_Collected material_
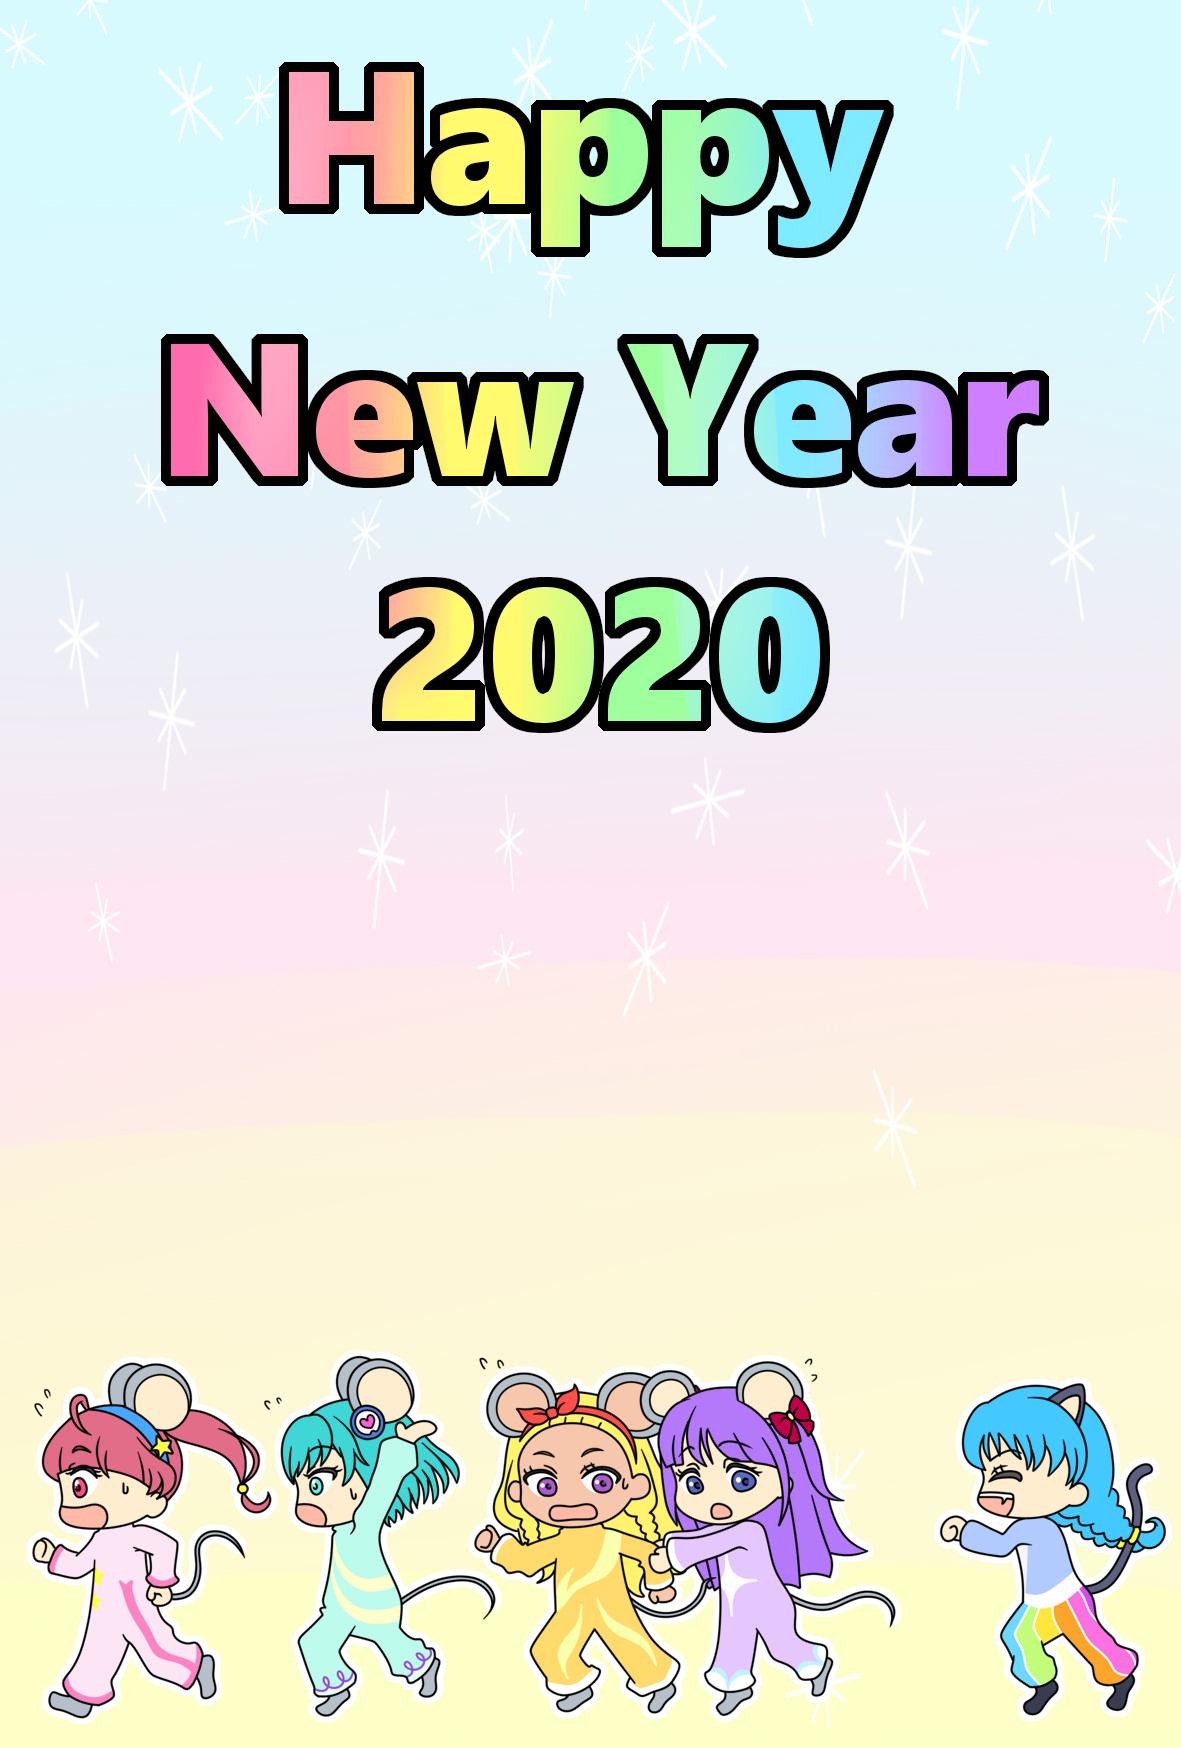 スター☆トゥインクルプリキュア 年賀状 2020年 無料テンプレート 縦向き
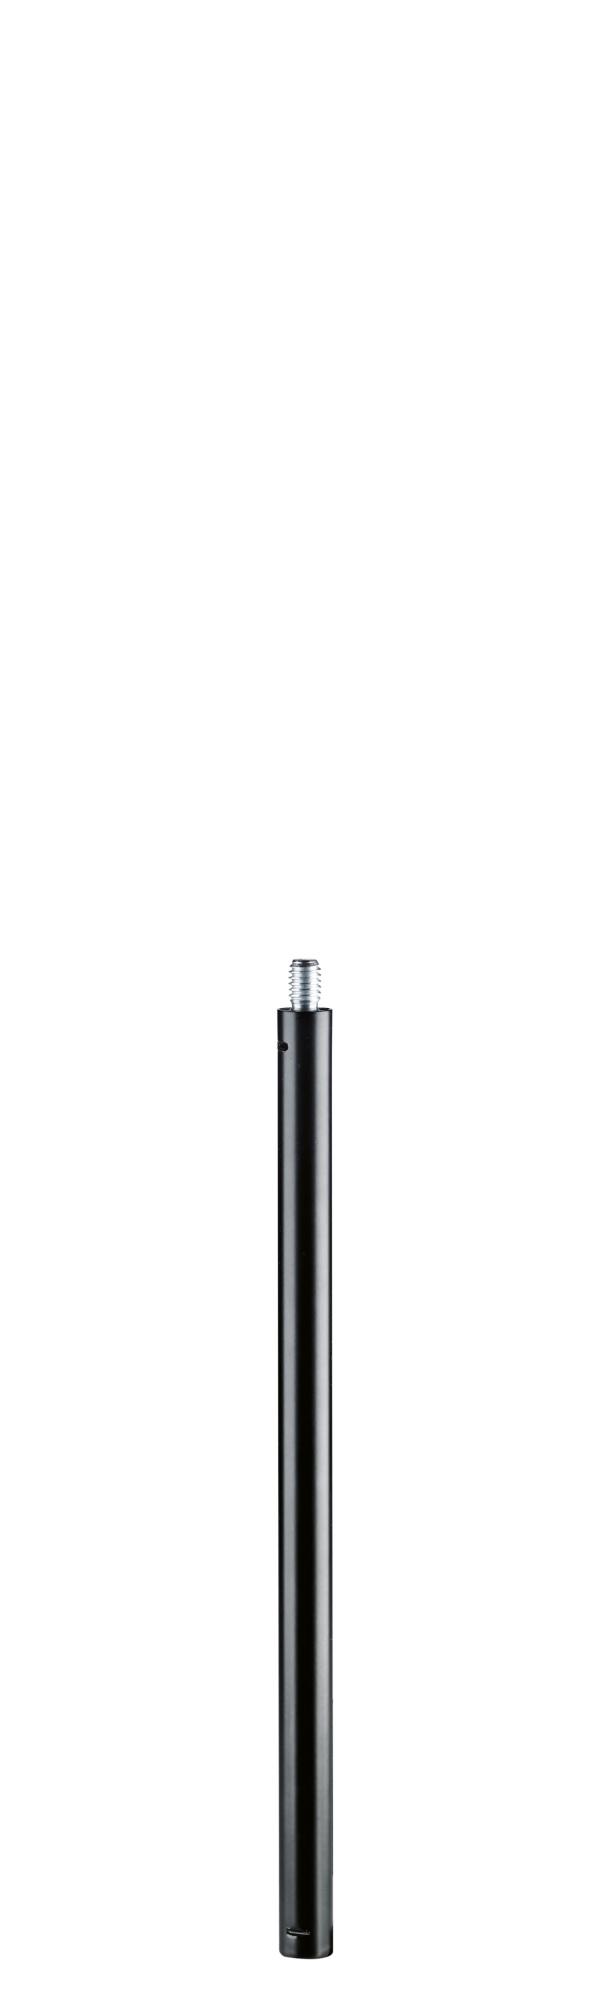 Verlängerungsrohr für Mikrofonstative
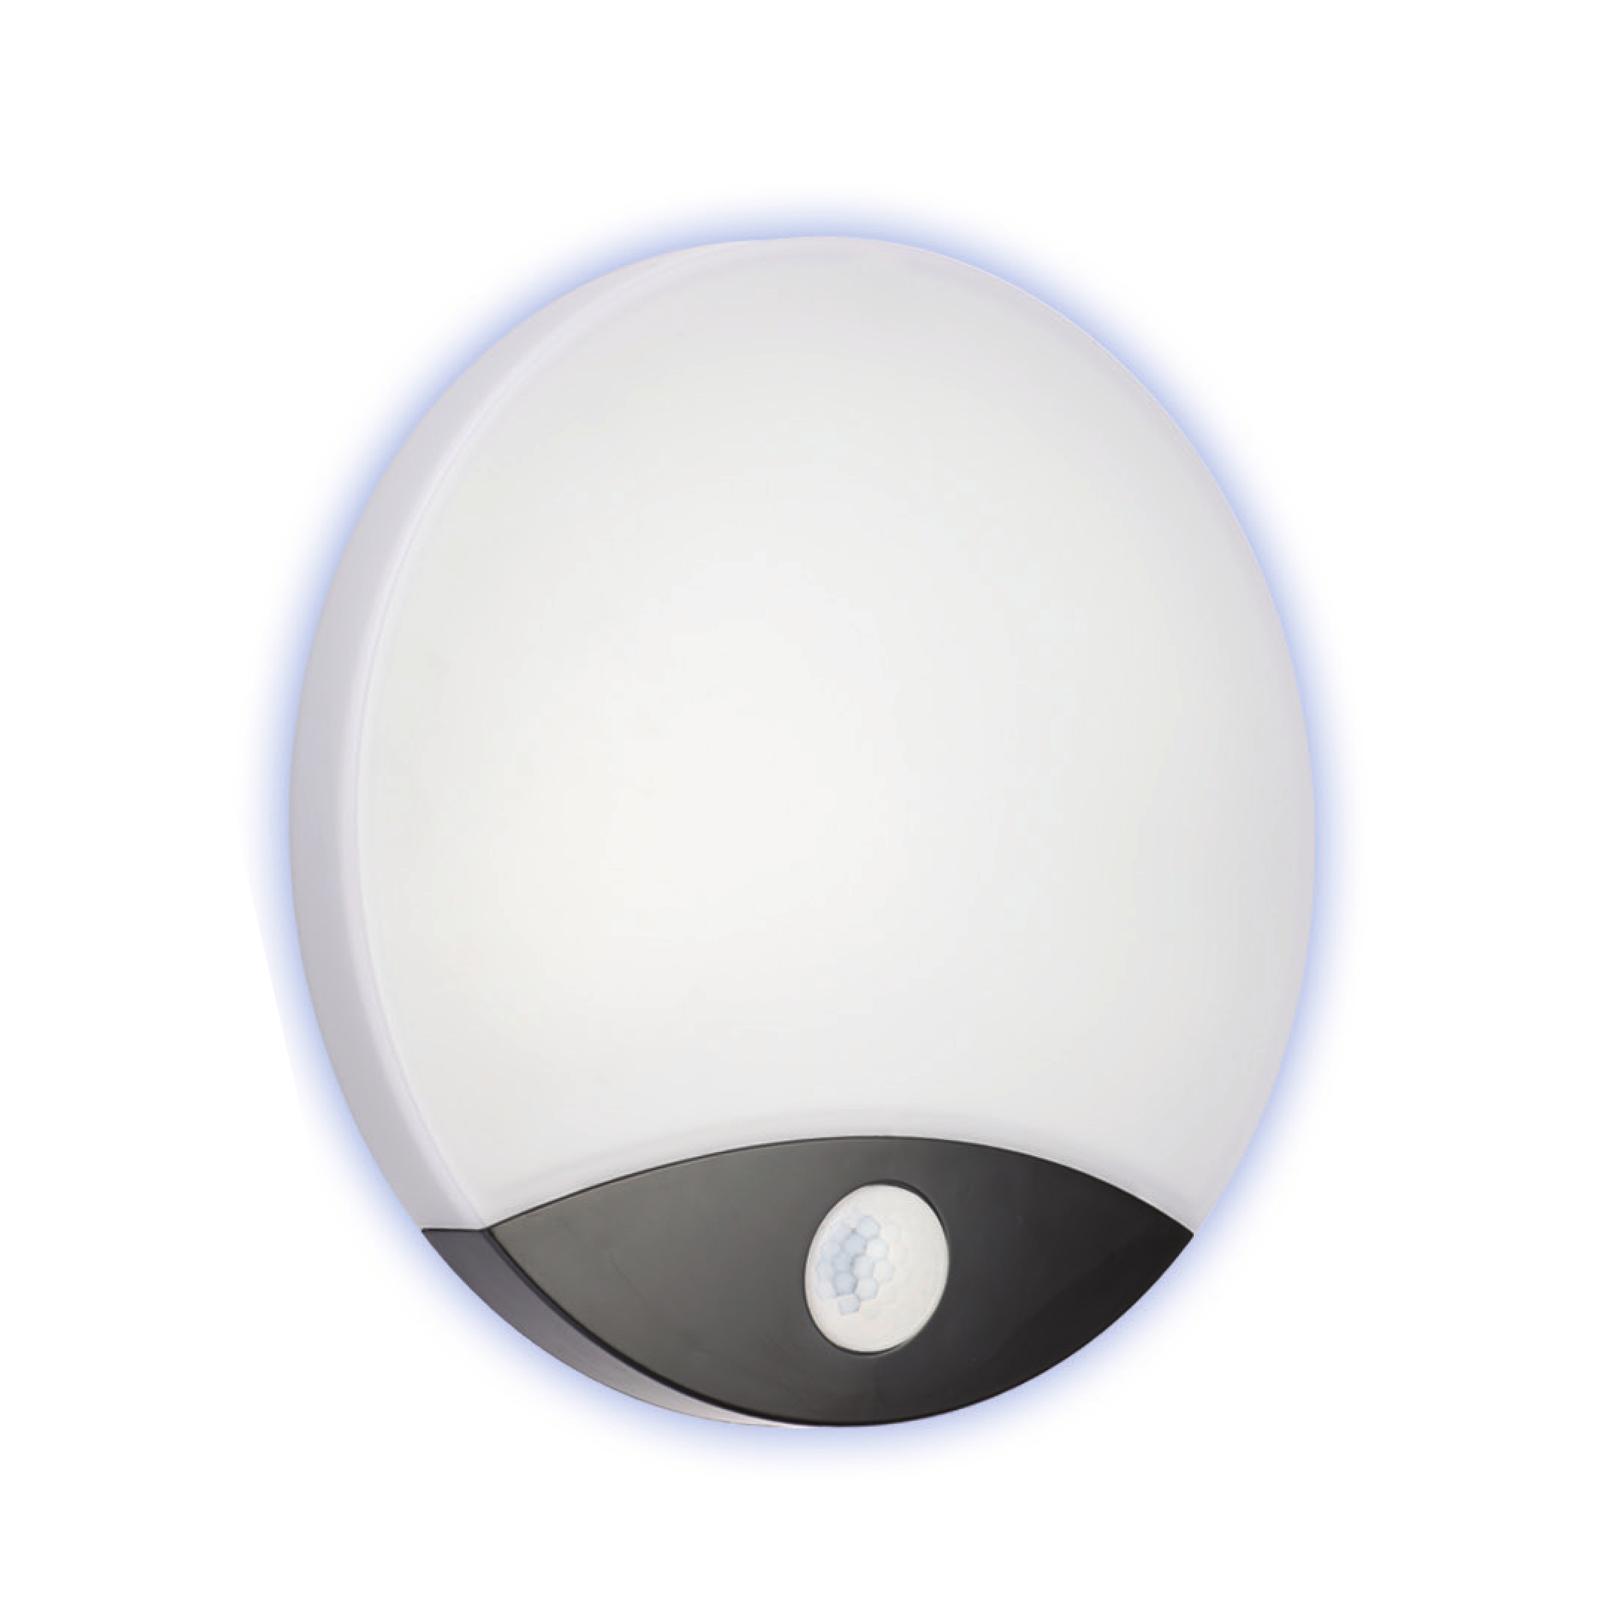 Schema Collegamento Lampada Con Sensore Di Movimento : Plafoniera per esterni con sensore di movimento smontare plafoniera

_Task details_
Begin at the line containing "Verlängerungsrohr für Mikrofonstative" and copy every line through the end of the data above exactly, omitting the pictures.

_Task result_
 Verlängerungsrohr für Mikrofonstative
 Schema Collegamento Lampada Con Sensore Di Movimento : Plafoniera per esterni con sensore di movimento smontare plafoniera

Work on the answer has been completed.